EXPLORING THE MANAGED HEART
The one area of her occupational lift in which she might be "free to act," the area of her own personality, must now also be managed, must become the alert yet obsequious instrument by which goods are distributed.
—G. Wright Mills
In a section in Das Kapital entitled "The Working Day," Karl Marx examines depositions submitted in 1863 to the Children's Employment Commission in England. One deposition was given by the mother of a child laborer in a wallpaper factory: "When he was seven years old I used to carry him [to work] on my back to and fro through the snow, and he used to work 16 hours a day.... I have often knelt down to feed him, as he stood by the machine, for he could not leave it or stop." Fed meals as he worked, as a steam engine is fed coal and water, this child was "an instrument of labor." Marx questioned how many hours a day it was fair to use a human being as an instrument, and how much pay for being an instrument was fair, considering the profits that factory owners made. But he was also concerned with something he thought more fundamental: the human cost of becoming an "instrument of labor" at all.

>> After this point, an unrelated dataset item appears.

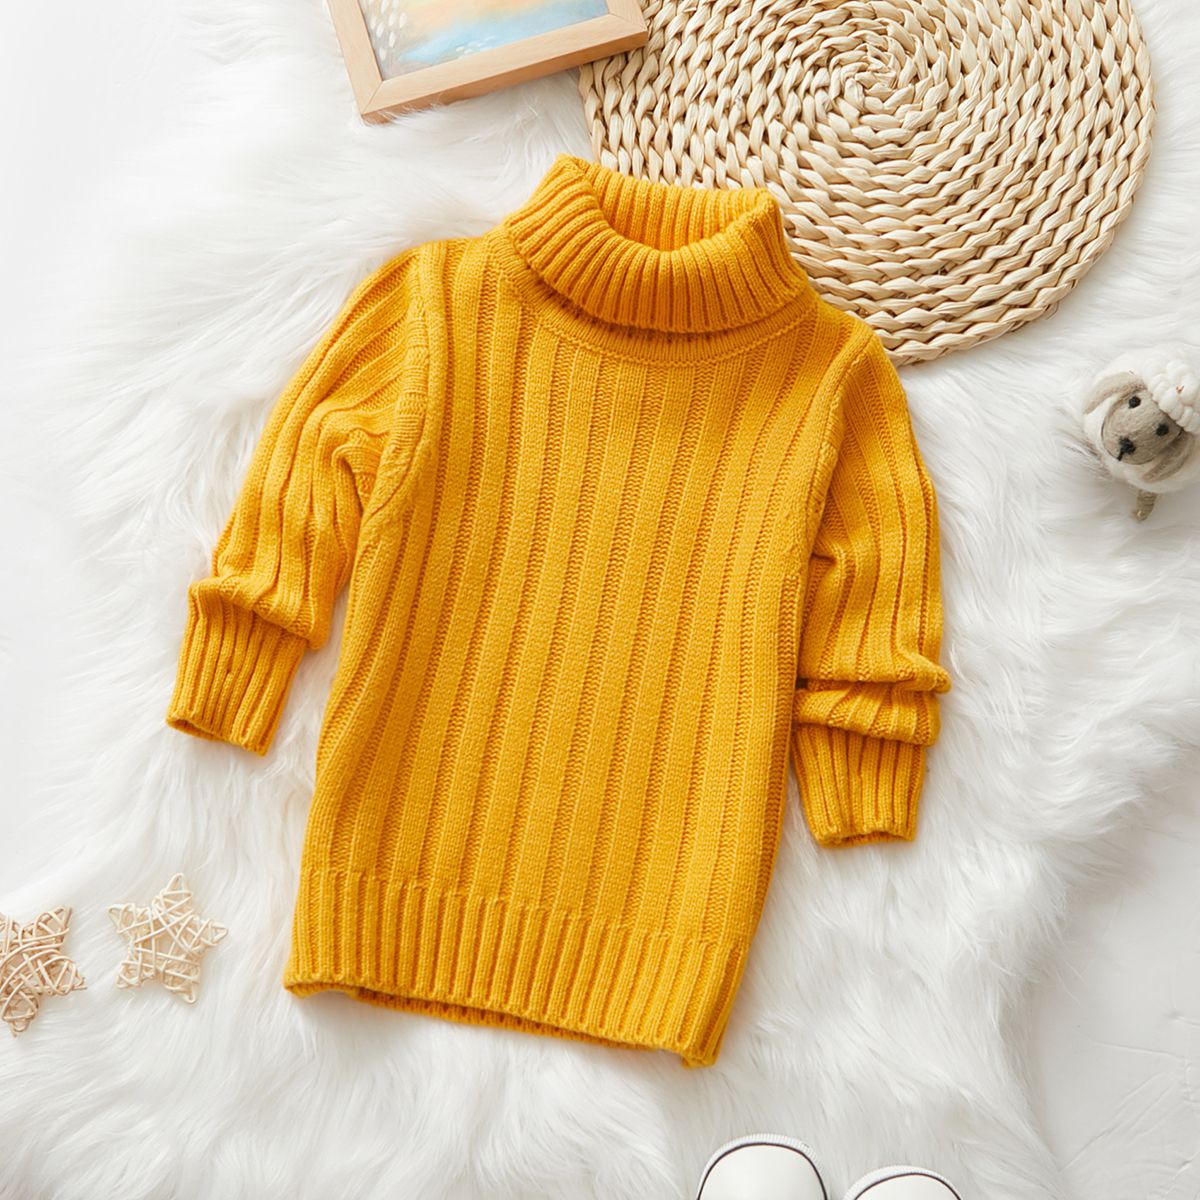 Baby/Toddler Girl/Boy Cowboy Design Sweater/Coat/Pants/Shoes/Hat

On another continent 117 years later, a twenty-year-old flight attendant trainee sat with 122 others listening to a pilot speak in the auditorium of the Delta Airlines Stewardess Training Center. Even by modern American standards, and certainly by standards for women's work, she had landed an excellent job. The 1980 pay scale began at $850 a month for the first six months and would increase within seven years to about $20,000 a year. Health and accident insurance is provided, and the hours are good.
The young trainee sitting next to me wrote on her notepad, "Important to smile. Don't forget smile:' The admonition came from the speaker in the front of the room, a crew-cut pilot in his early fifties, speaking in a Southern drawl: "Now girls, I want you to go out there and really smile. Your smile is your biggest asset. I want you to go out there and use it. Smile. Really smile. Really lay it on."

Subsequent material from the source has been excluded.